2004-01-26 Thread Andy Polyakov
 I entirely agree with the idea of following the standard set in the
 environment you work in.  However, if we look at the file name without
 the extension, I'm only aware of a naming standard on Unix (libraries
 start with lib)

But what does this naming convention on Unix means *exactly*? Is it
actually a requirement that all .a archives or .so objects are prefixed
with lib? No. Is it possible to link with a.a? Yes. With a.so? Yes. With
a.whatever? Yes! As long as we explicitly name it by full patch. Why do
we prepend the name with lib* then? For a sole reason to use it with -l
flag at link-time, where it essentialy means prepend the name with lib
and look for it *around*, right? This look around is the keyword...
Now note that in Windows it is .lib extention which implies looking
around, meaning that .lib extension in Windows is essentially equvalent
to lib prefix in Unix. This is why you can't observe any Windows naming
standard if you disregard extention.

 On Windows, there's the added complexity of using different run-time
 libraries depending on if you're using threads or not,

Note that this applies exclusively to LIBC (which is a static library!).
There is no MT-versions of USER32, KERNEL32 or even MSVCRT.

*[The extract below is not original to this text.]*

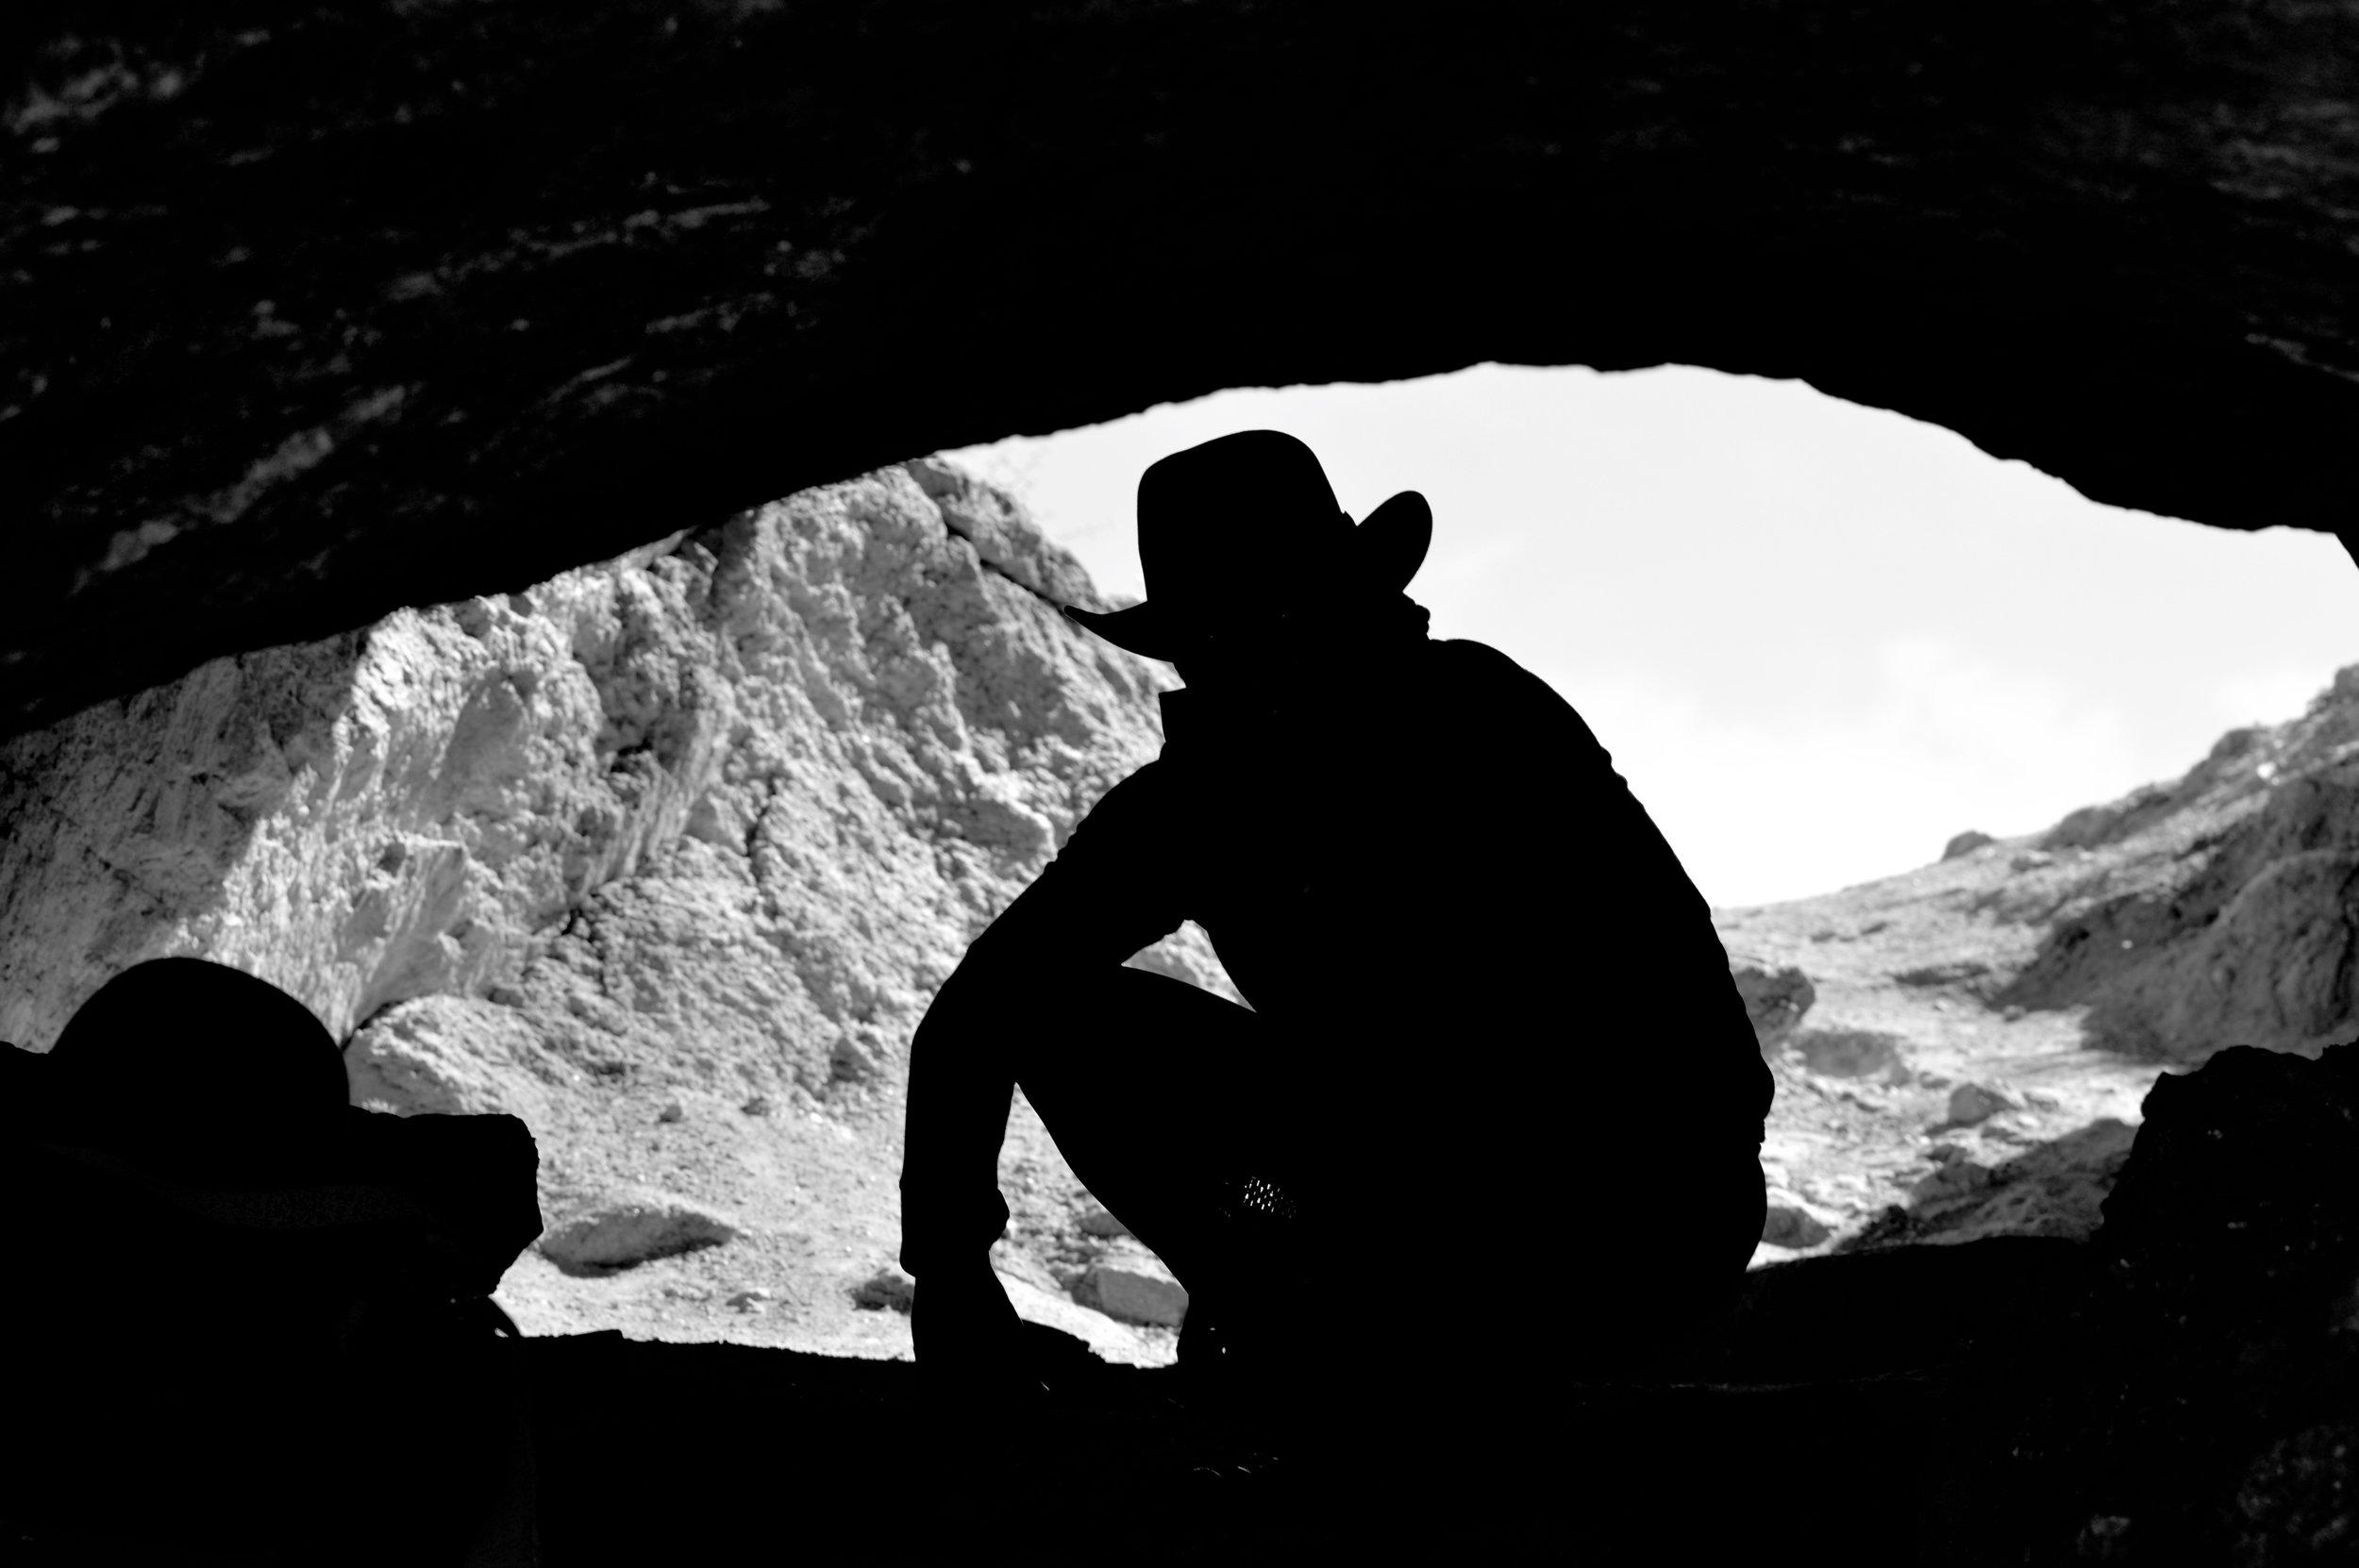 Art crawls inside the cave

 if you built in debug mode or not

Note that this applies exclusively to LIBC and MSVCRT, there're no
debug counterpart of USER32, KERNEL32 or any other system run-time
component needed to execute program compiled for debugging. In other
words this MT and debugging naming convention exists exclusively in
compiler driver's mind, cl.exe in Microsoft case, and applies
exclusively to components tightly coupled to compiler run-time
environment [such as LIBC and MSVCRT]. This is another reason why one
can't observe any Windows library naming convention. 

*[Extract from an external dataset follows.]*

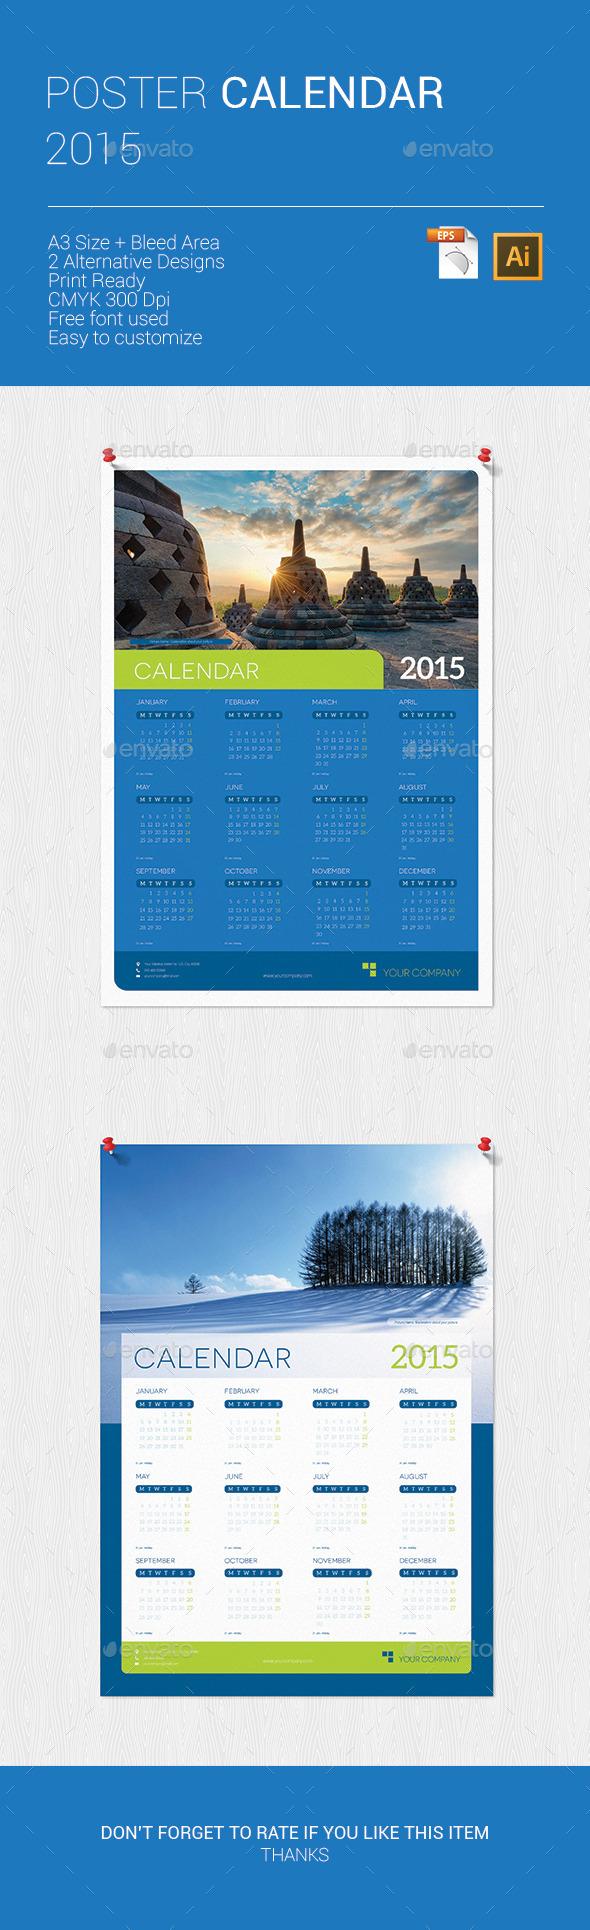 Credit Card Size Calendar Free Template 2015 » Tinkytyler

 and other details I'm not aware of.  I've heard
 suggestions of creating several variants of the OpenSSL libraries that
 would be used in parallell with the different MSVC libraries, and
 that's where a naming convention is becoming even more important.

I'd say that we should rather strive for being more like USER32 or any
other system component, i.e. being MT-safe and neutral to any particular
compiler run-time environment.

 Added to this problem, we have the different register sizes on
 different CPUs (32-bit, 64-bit, and whatever will follow), which seems
 to be difficult to intermix in the same library,
^??? It's impossible. You can't intermix 64- and 32-bit
objects in same library nor in address space of any particular process.
Well, the latter is possible from hardware point of view, but it
requires kernel support and there is no any [as far as I know]. Naming
convention for 32- vs. 64-bit objects is provided rather through search
pathes [at both link- and run-time], than name of the object module per
se.

A.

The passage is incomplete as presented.